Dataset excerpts
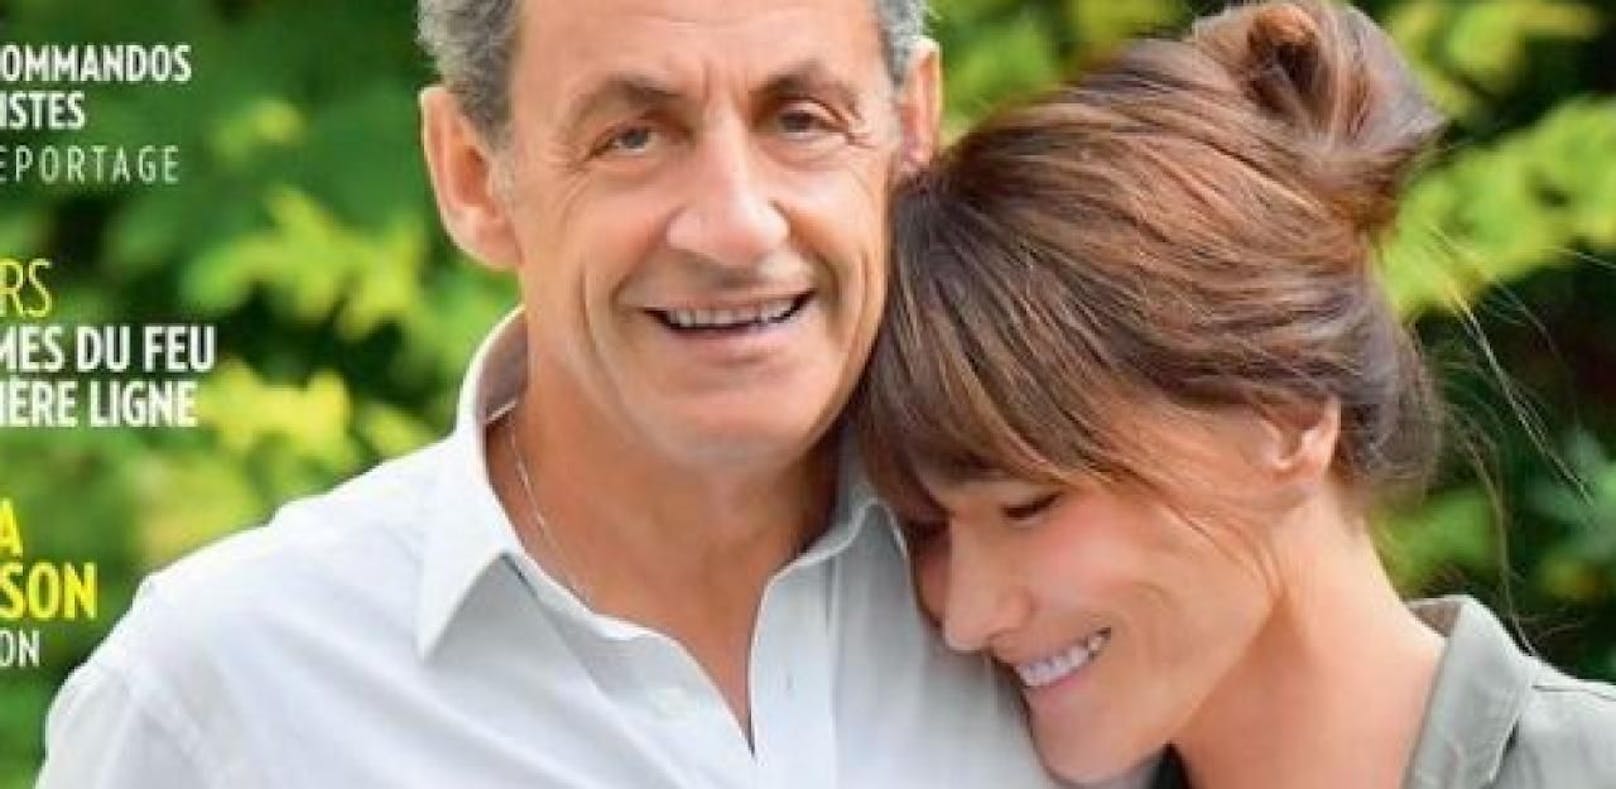 Foto von Sarkozy und Bruni sorgt für Spott
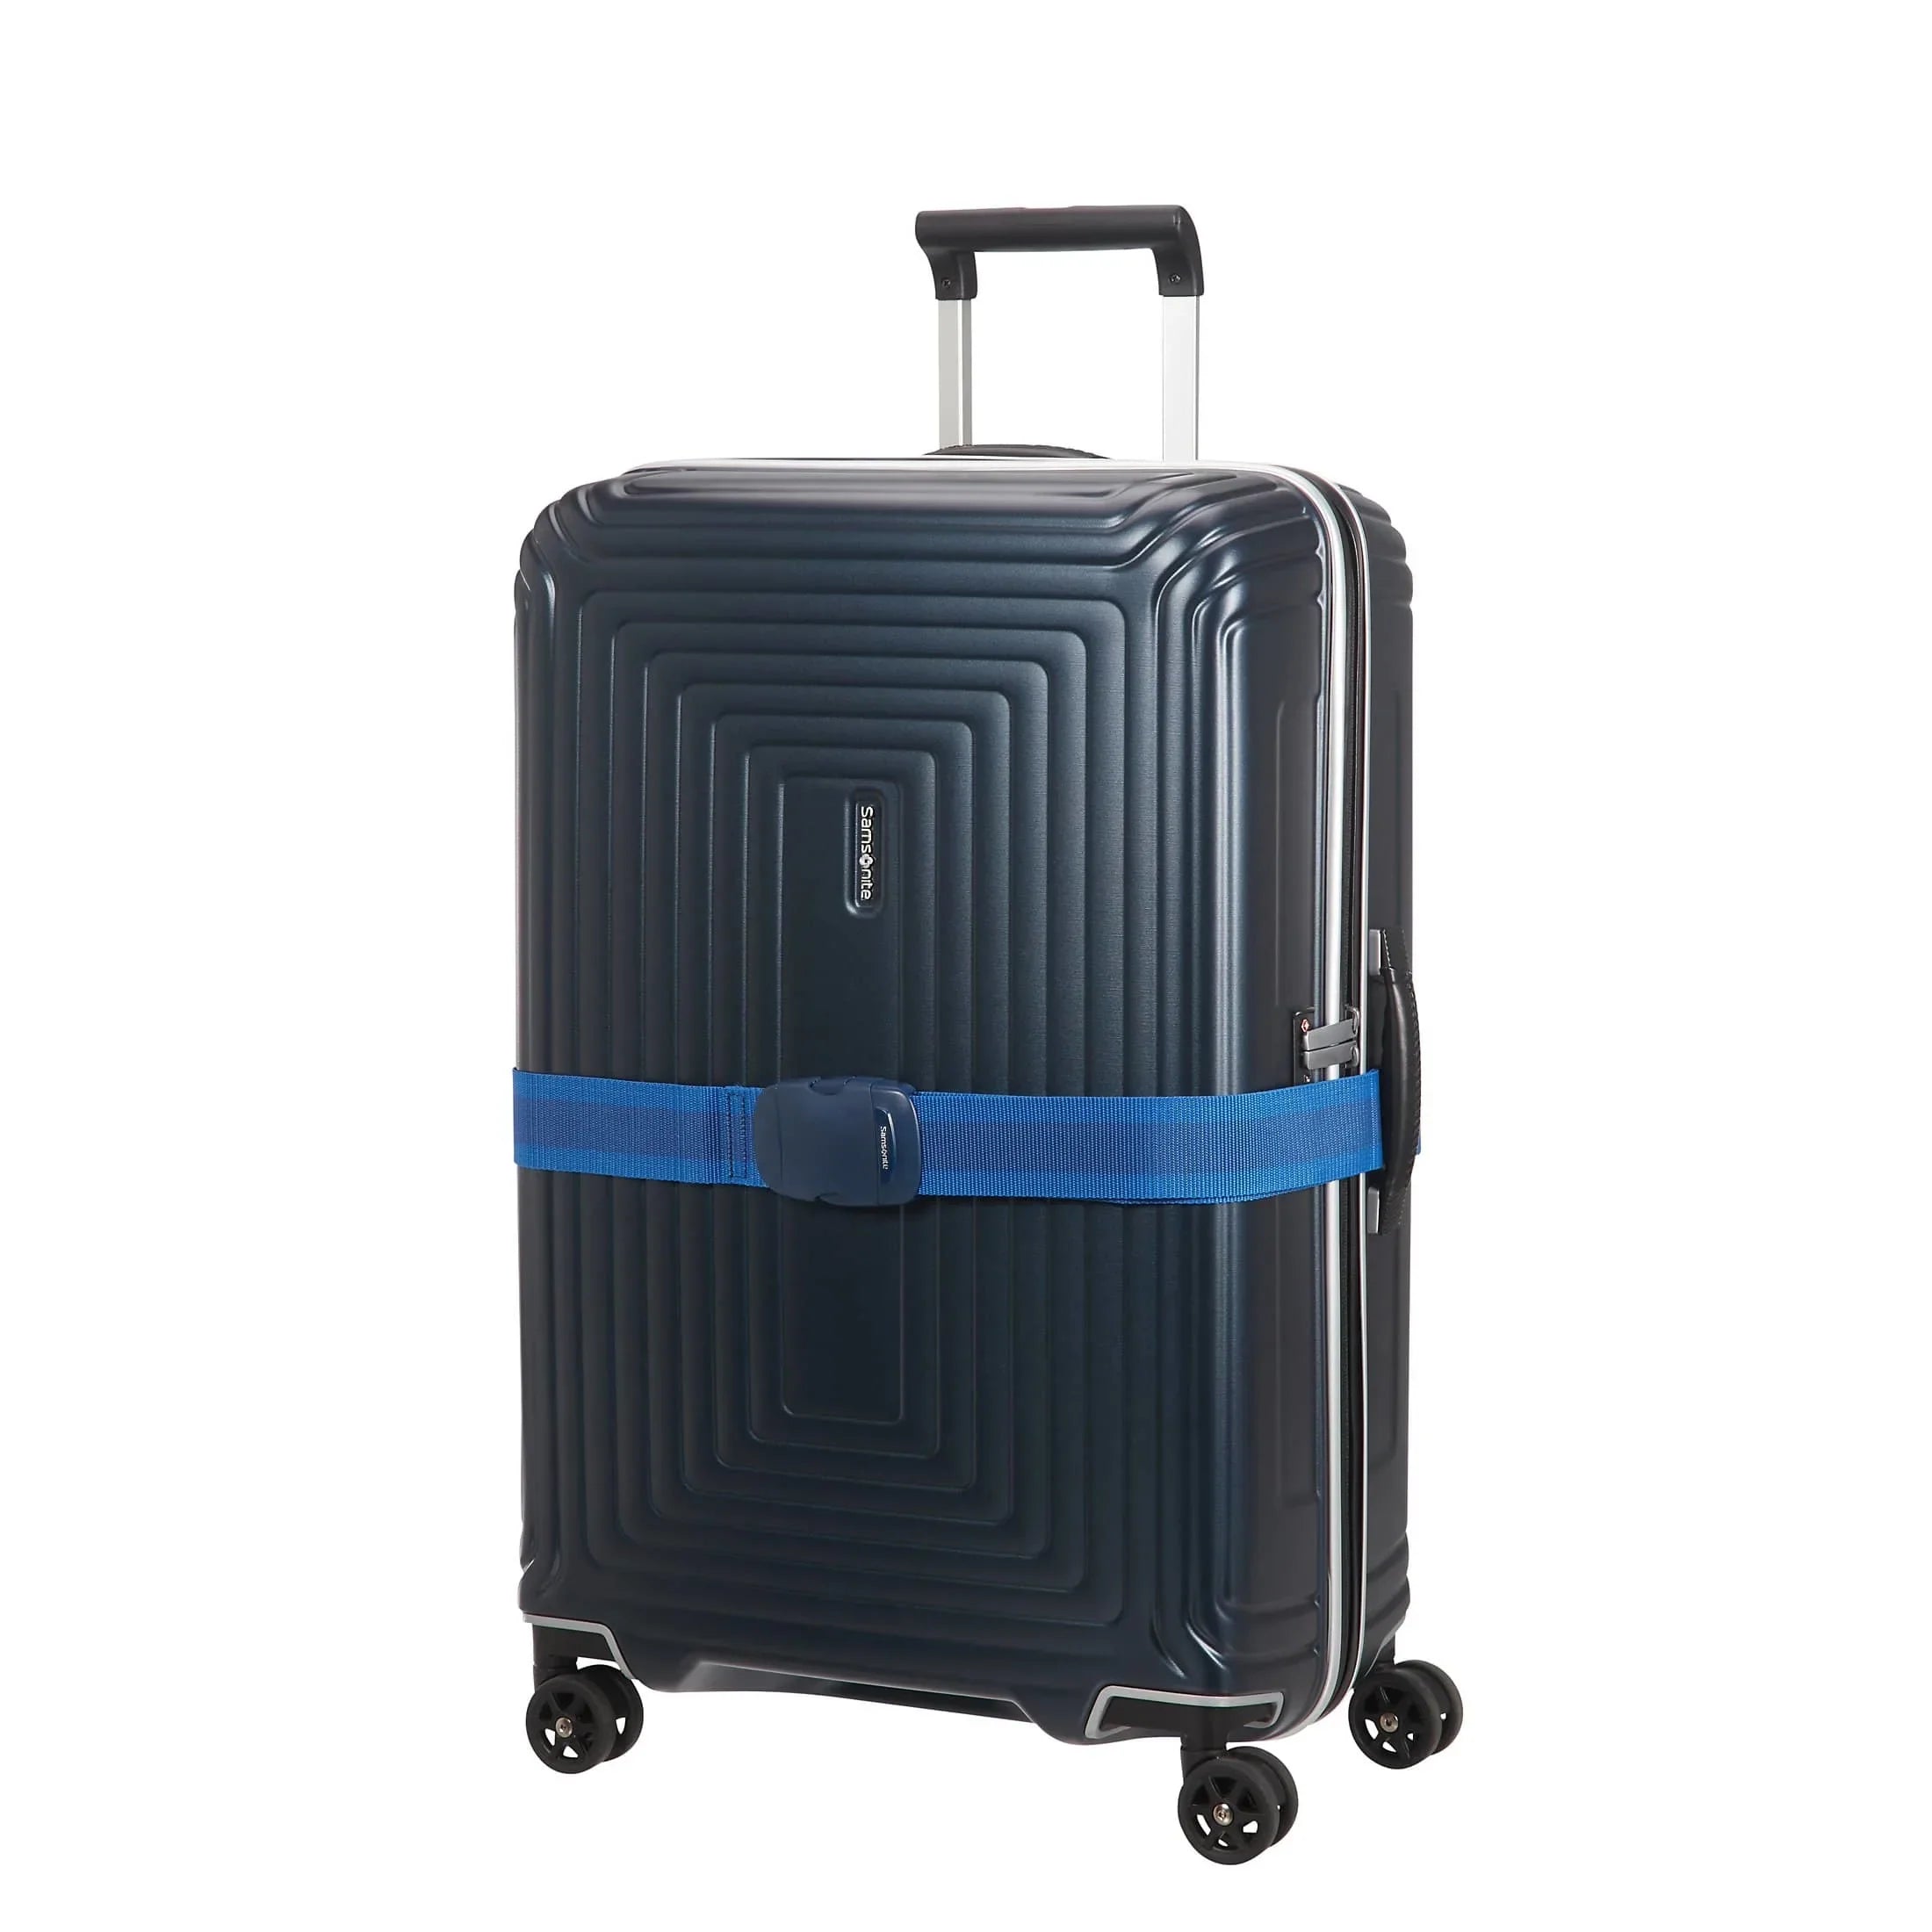 Samsonite Travel Accessories suitcase strap 50mm - black
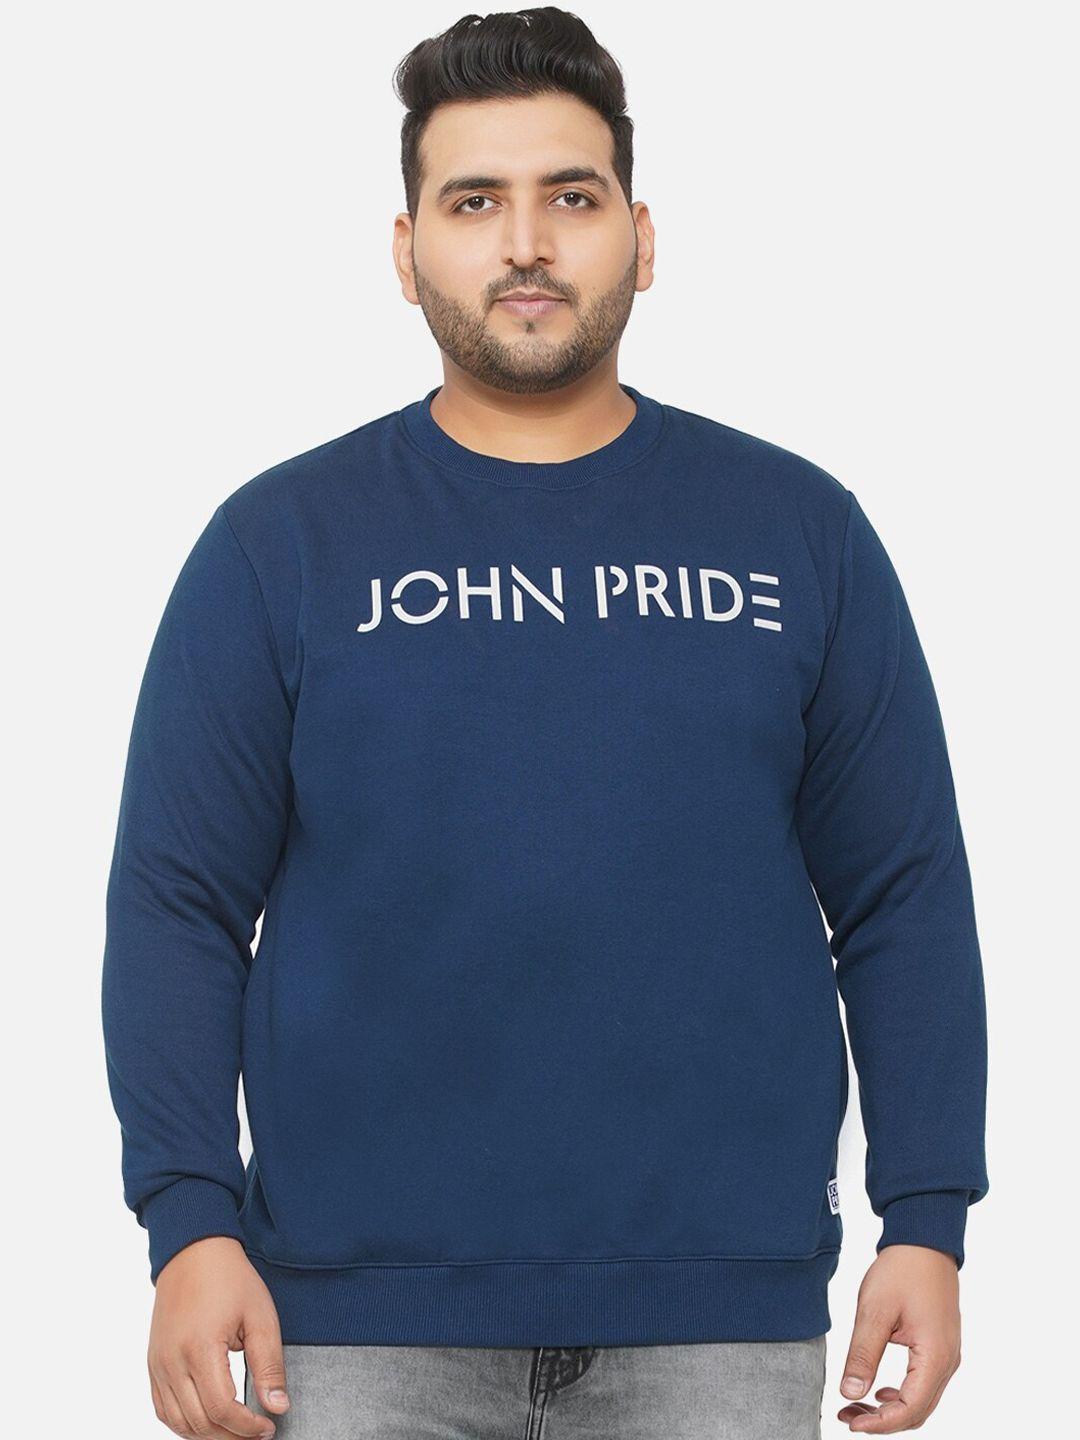 john pride men printed sweatshirt
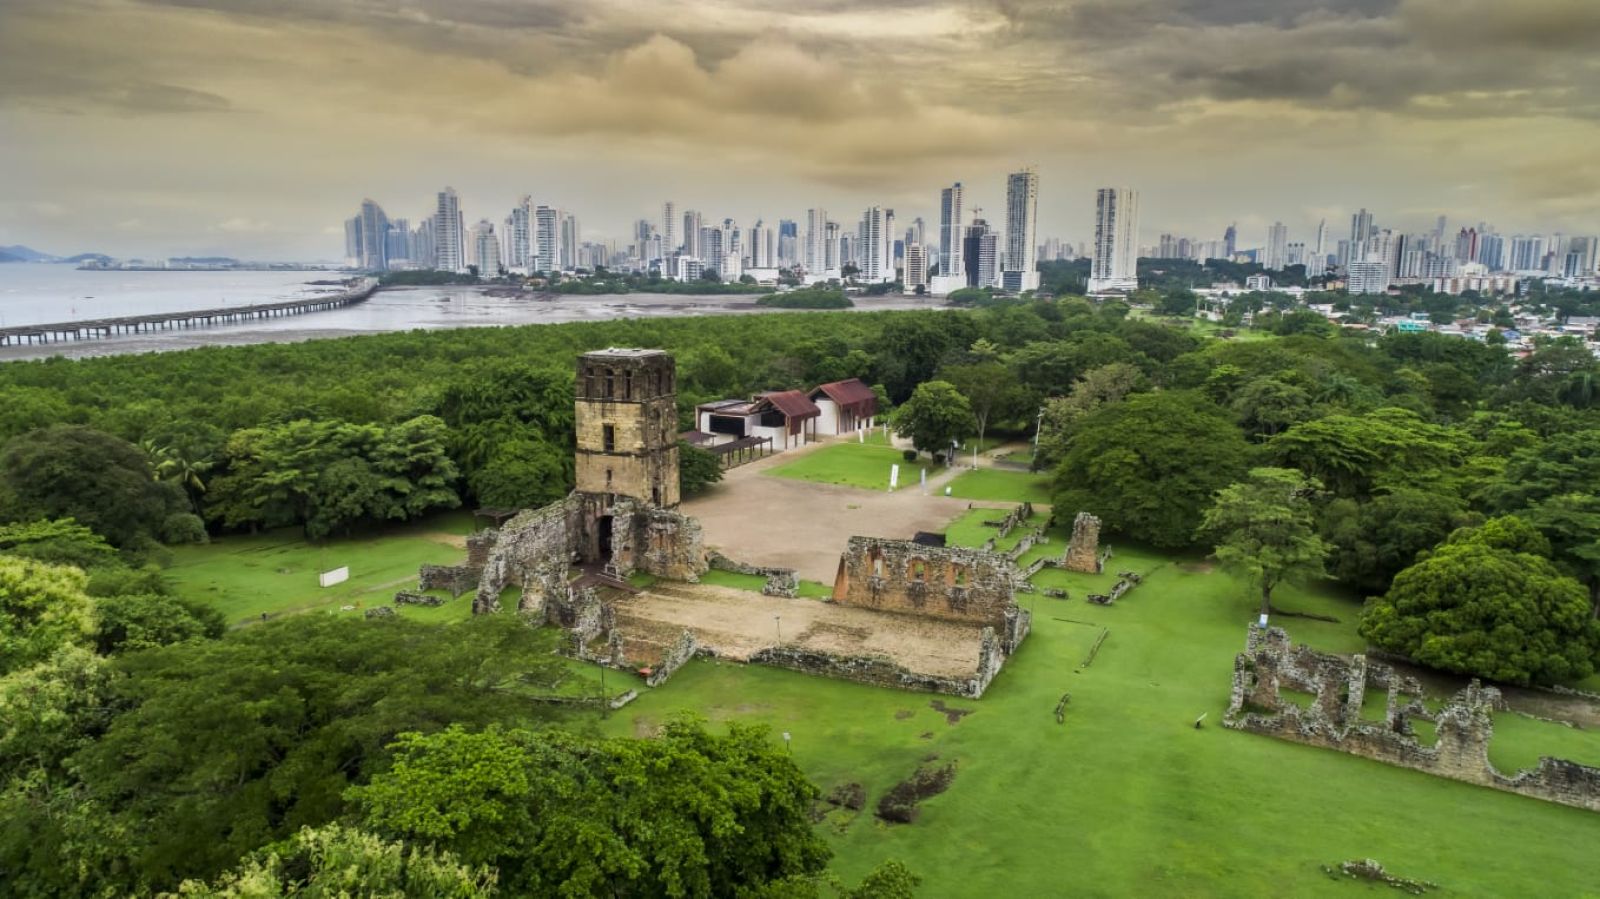 Felicidades en tus 503 años de fundación, mi querida Panamá.
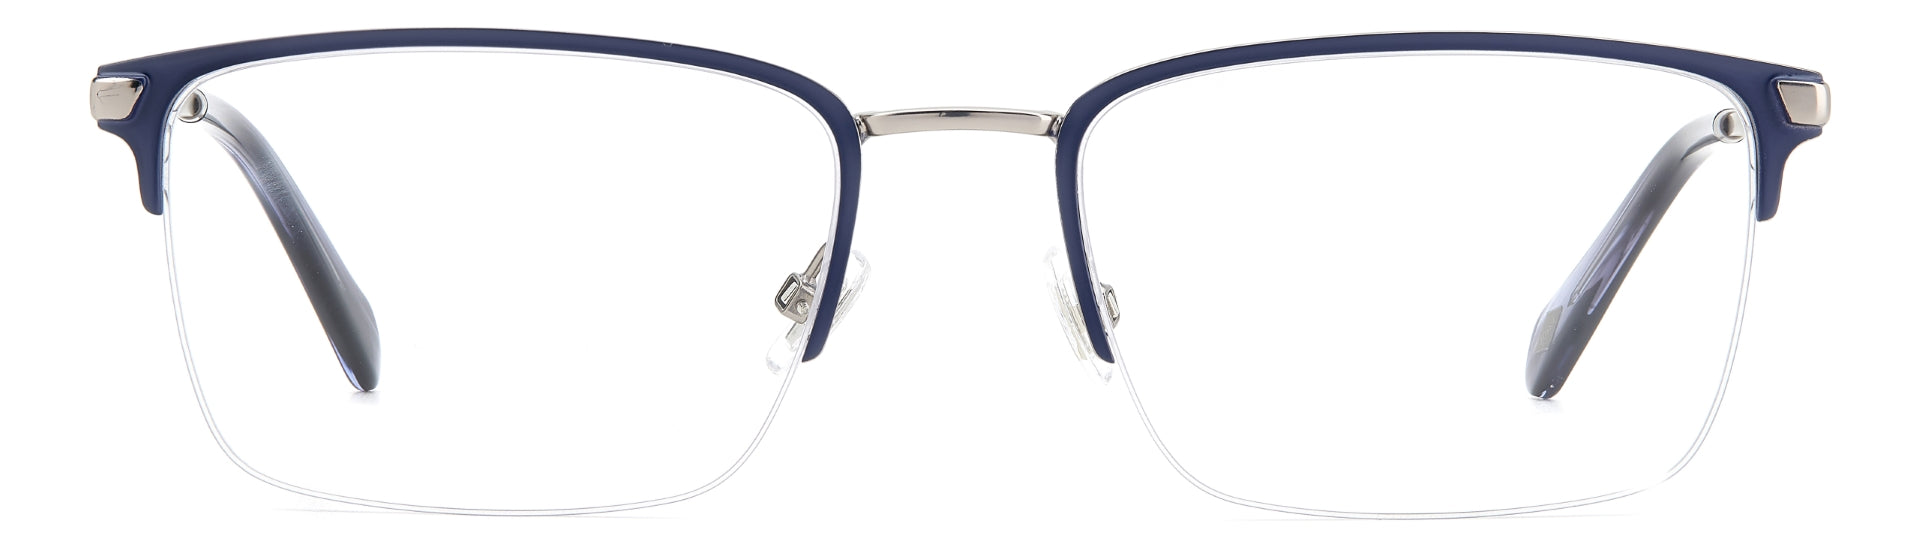 FOSSIL MEN RECTANGULAR Eyeglasses-FOS 7147 S53

[What you are asked to do]: Exactly the lines from the one holding "Samsonite Travel Accessories" through the last line of the entries, both included, are to be duplicated; leave the pictures out.

[Solution for this task]:
 Samsonite Travel Accessories suitcase strap 50mm - black
 john pride men printed sweatshirt
 Felicidades en tus 503 años de fundación, mi querida Panamá.
 FOSSIL MEN RECTANGULAR Eyeglasses-FOS 7147 S53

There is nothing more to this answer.